The US mobile operator revealed on Thursday that over the next five weeks it will make changes to its business that will result in around 5,000 job cuts, which amounts to just under 7% of its workforce.
The cuts will come primarily from corporate and back-office roles, while some technology positions will also be eliminated, the operator’s chief executive Mike Sievert said in an email to staff, reproduced in an SEC filing. T-Mobile will mainly eliminate duplicate roles, Sievert said, or those aligned to systems and process that are changing or no longer fit with company priorities. In some areas of the business the telco plans to implement more centralised models to improve efficiency and reduce costs, he said. Retail and customer care jobs will be unaffected.
“After this process is complete, I do not envision any additional widespread company reductions again in the foreseeable future,” Sievert said, which will be scant consolation to those about to lose their jobs.
While the CEO’s explanation initially makes it seem that duplication – perhaps attributable to the Sprint merger – and the simplification of certain systems are the core reasons for the move, he goes on to basically blame customer expectations and the rising cost of satisfying those customers.

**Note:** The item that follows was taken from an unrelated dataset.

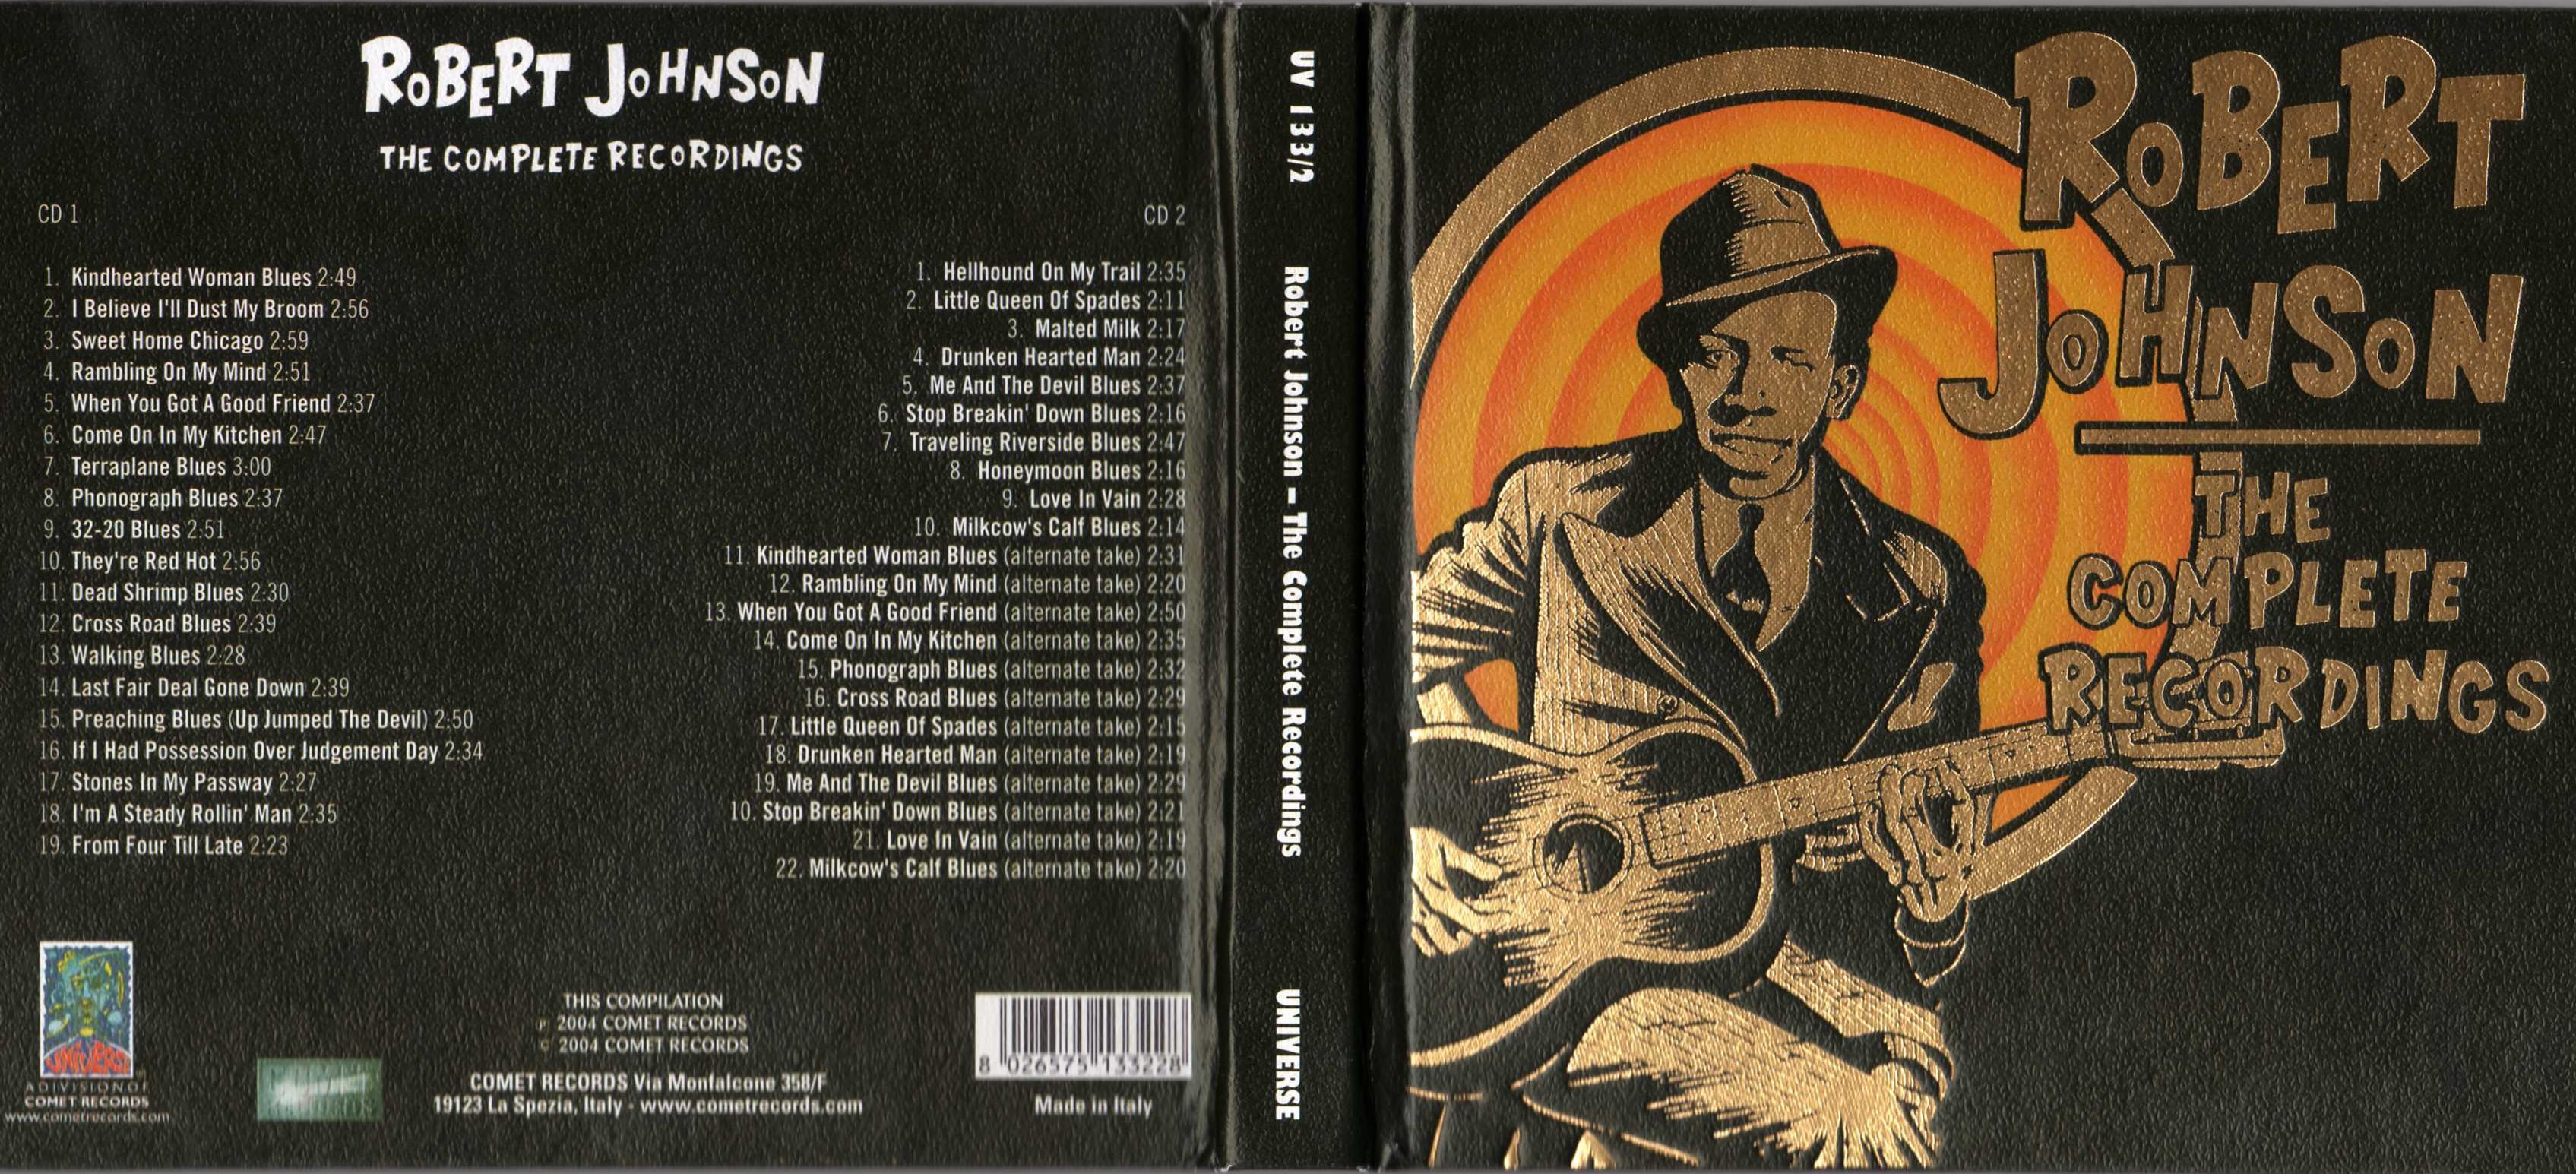 Release “The Complete Recordings” by Robert Johnson - Cover art

“What it takes to attract and retain customers is materially more expensive than it was just a few quarters ago. We’ve been out-running this trend by accelerating merger synergies, and building our high-speed Internet business faster than expected, and out-performing in a few other areas. However, it is clear that doing everything we are doing and just doing it faster is not enough to deliver on these changing customer expectations going forward,” Sievert wrote.
“Today’s changes are all about getting us efficiently focused on a finite set of winning strategies, so that we can continue to out-pace our competitors and have the financial capability to deliver a differentiated network and customer experience to a continually growing customer base, while simultaneously meeting our obligations to our shareholders,” he added.
Putting it like that makes it all sound pretty reasonable. But when you consider that less than a month ago T-Mobile US was crowing about delivering “industry-leading growth in customers and profitability,” in a second quarter results announcement in which it also hiked full-year guidance, it becomes a bitter pill to swallow for employees.
Indeed, T-Mobile US posted Q2 postpaid net account additions of 299,000, net customer additions of 1.6 million, and a number of other operational metrics that it declared to be the best in the industry. While that might seem to gel with Sievert’s point about acquisition and retention costs, and doing the right thing by shareholders, the telco’s own words at the time tell a different story.
“The company continues to translate its industry-leading customer growth into best-in-class growth in service revenues, net income, and core Adjusted EBITDA, while raising full-year 2023 guidance,” it said. “Furthermore, T-Mobile continues delivering on its plan to return value to stockholders, buying back $3.5 billion of common stock throughout the quarter.”
T-Mobile US generated over $19 billion in revenue in the three months to the end of June and adjusted EBITDA of $7.4 billion, while its bottom line came in at $2.2 billion.
Of course, it is over-simplistic to judge T-Mobile US’s business on its headline operational and financial statistics alone. But the short time that elapsed between the two announcements makes the job cuts news particularly galling for its staff.